In the virus family identification system provided in the embodiment of the present application, the second clustering unit may be specifically configured to: and taking the center of the sample vector corresponding to the sequence clustering result as a sequence vector.
In an embodiment of the present application, a family tag determining module of a virus family identification system may include:
a tag determining unit, configured to determine a family name with the largest number of occurrences in a target virus family cluster as an initial family tag;
the processing unit is used for adding distinguishing information to the same initial family tag to obtain a target family tag if the same initial family tag exists; and if the same initial family tag does not exist, taking the initial family tag as a target family tag.
Based on the hardware implementation of the program module, and in order to implement the method according to the embodiment of the present invention, an embodiment of the present invention further provides an electronic device, fig. 6 is a schematic diagram of a hardware composition structure of the electronic device according to the embodiment of the present invention, and as shown in fig. 6, the electronic device includes:
a communication interface 1 capable of information interaction with other devices such as network devices and the like;
and the processor 2 is connected with the communication interface 1 to realize information interaction with other equipment, and is used for executing the virus family identification method provided by one or more technical schemes when running a computer program. And the computer program is stored on the memory 3.
In practice, of course, the various components in the electronic device are coupled together by the bus system 4. It will be appreciated that the bus system 4 is used to enable connection communication between these components.
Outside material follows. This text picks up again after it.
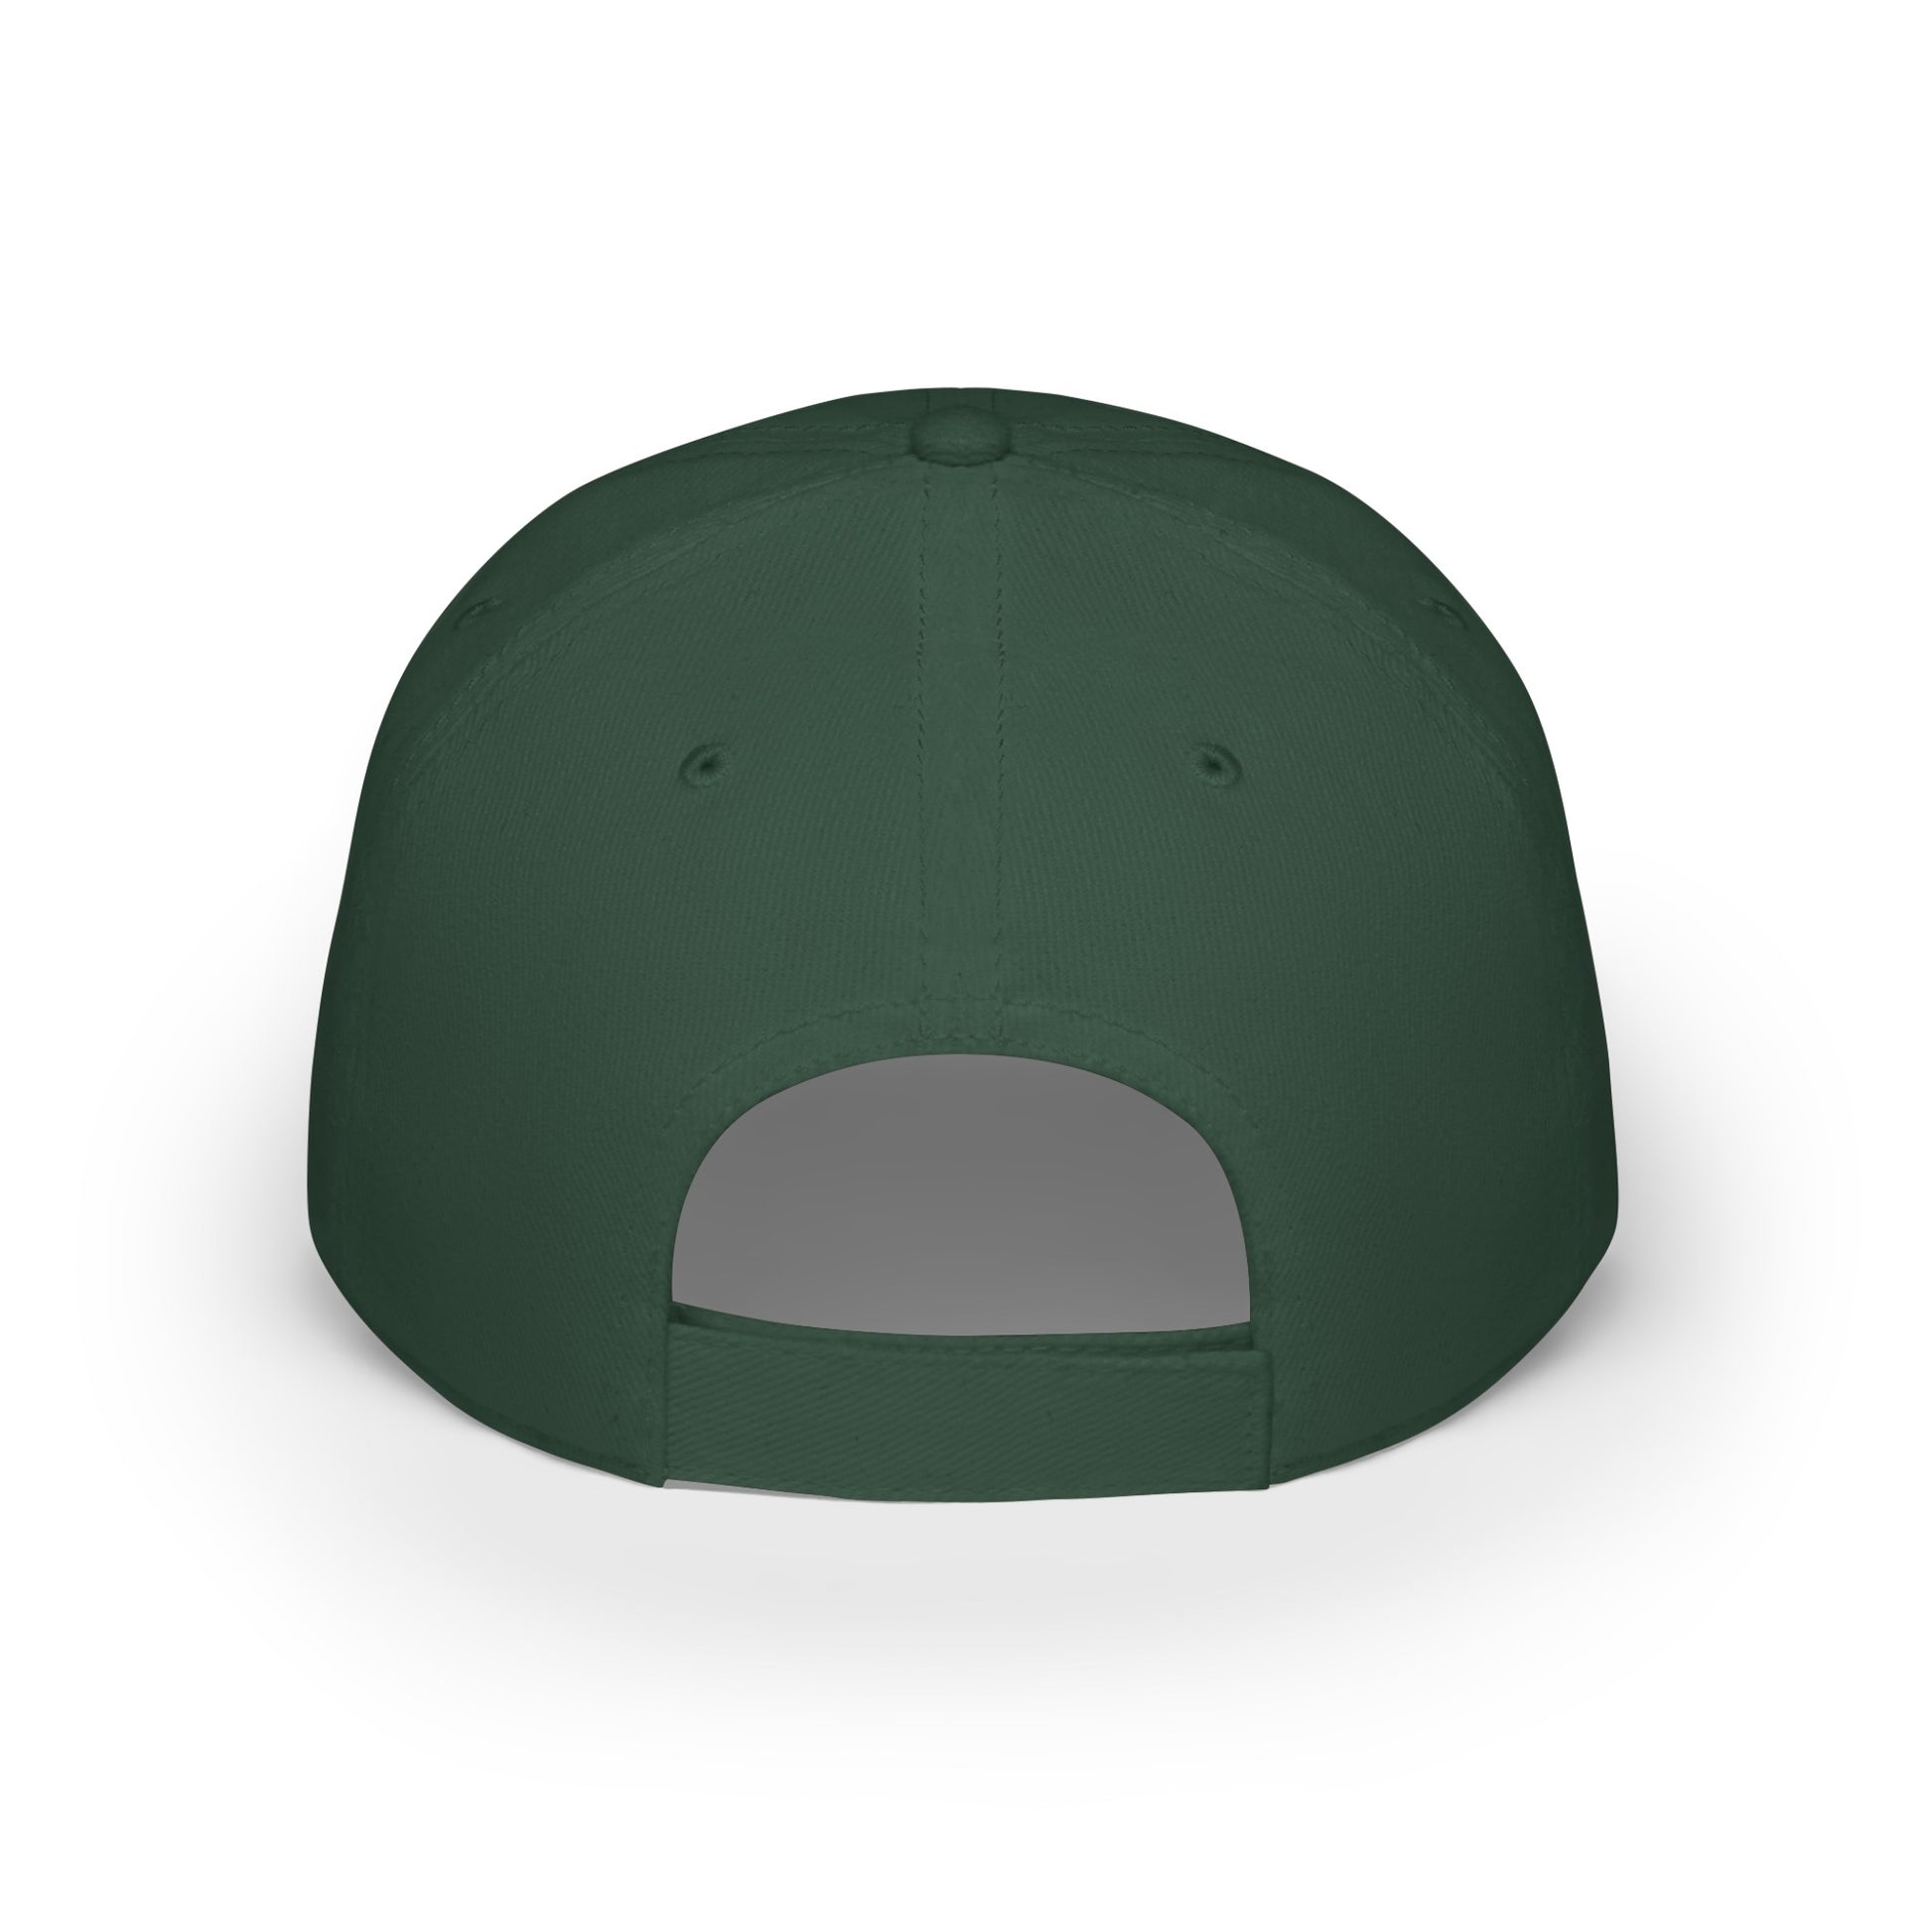 MDBTDJ#WRGC - Low Profile Baseball Cap Tattooed Dj's Limited Edition, Hats, Tattooed Djs Shop
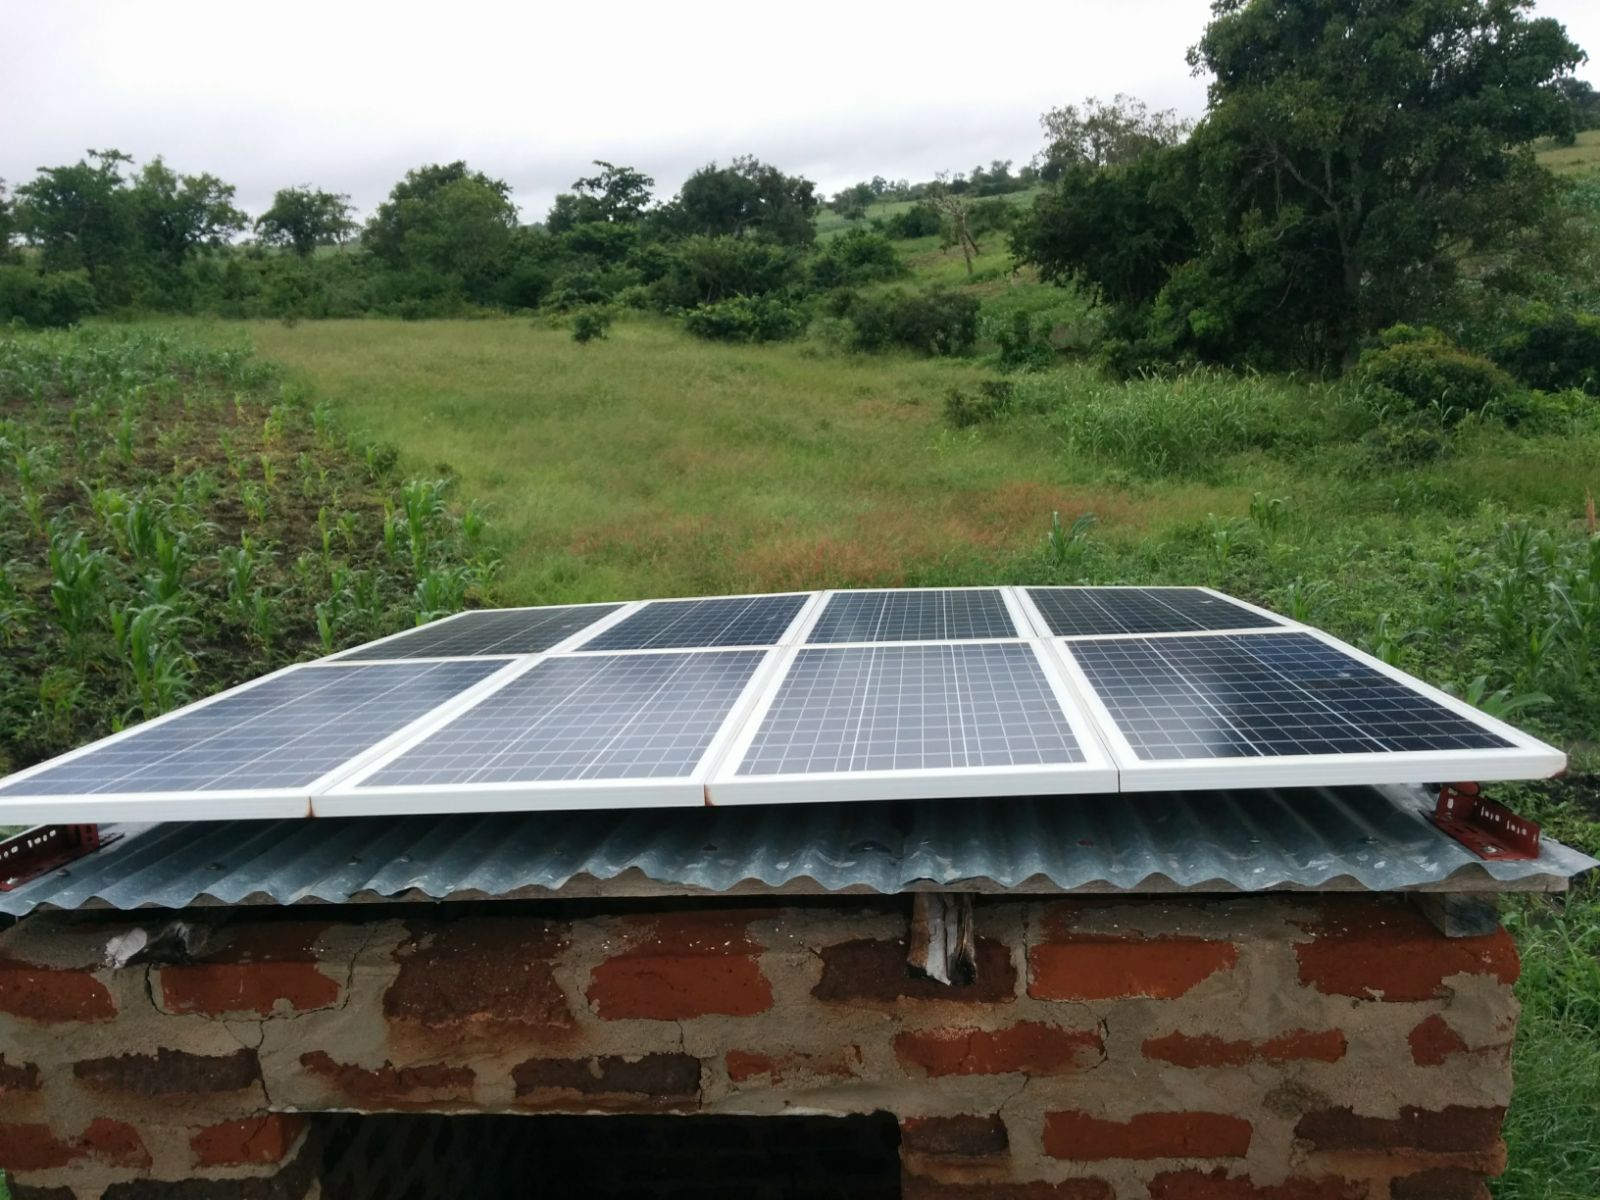 2016 – Acquisto pannelli fotovoltaici per alimentare la pompa del pozzo

The bus system 4 comprises, in addition to a data bus, a power bus, a control bus and a status signal bus. For the sake of clarity, however, the various buses are labeled as bus system 4 in fig. 6.
The memory 3 in the embodiment of the present invention is used to store various types of data to support the operation of the electronic device. Examples of such data include: any computer program for operating on an electronic device.
It will be appreciated that the memory 3 may be either volatile memory or nonvolatile memory, and may include both volatile and nonvolatile memory. Among them, the nonvolatile Memory may be a Read Only Memory (ROM), a Programmable Read Only Memory (PROM), an Erasable Programmable Read-Only Memory (EPROM), an Electrically Erasable Programmable Read-Only Memory (EEPROM), a magnetic random access Memory (FRAM), a Flash Memory (Flash Memory), a magnetic surface Memory, an optical disk, or a Compact Disc Read-Only Memory (CD-ROM); the magnetic surface storage may be disk storage or tape storage. Volatile Memory can be Random Access Memory (RAM), which acts as external cache Memory. By way of illustration and not limitation, many forms of RAM are available, such as Static Random Access Memory (SRAM), Synchronous Static Random Access Memory (SSRAM), Dynamic Random Access Memory (DRAM), Synchronous Dynamic Random Access Memory (SDRAM), Double Data Rate Synchronous Dynamic Random Access Memory (DDRSDRAM, Double Data Synchronous Random Access Memory), Enhanced Synchronous Dynamic Random Access Memory (ESDRAM, Enhanced Synchronous Dynamic Random Access Memory), Synchronous link Dynamic Random Access Memory (SLDRAM, Synchronous Dynamic Random Access Memory), Direct Memory (DRmb Random Access Memory). The memory 2 described in the embodiments of the present invention is intended to comprise, without being limited to, these and any other suitable types of memory.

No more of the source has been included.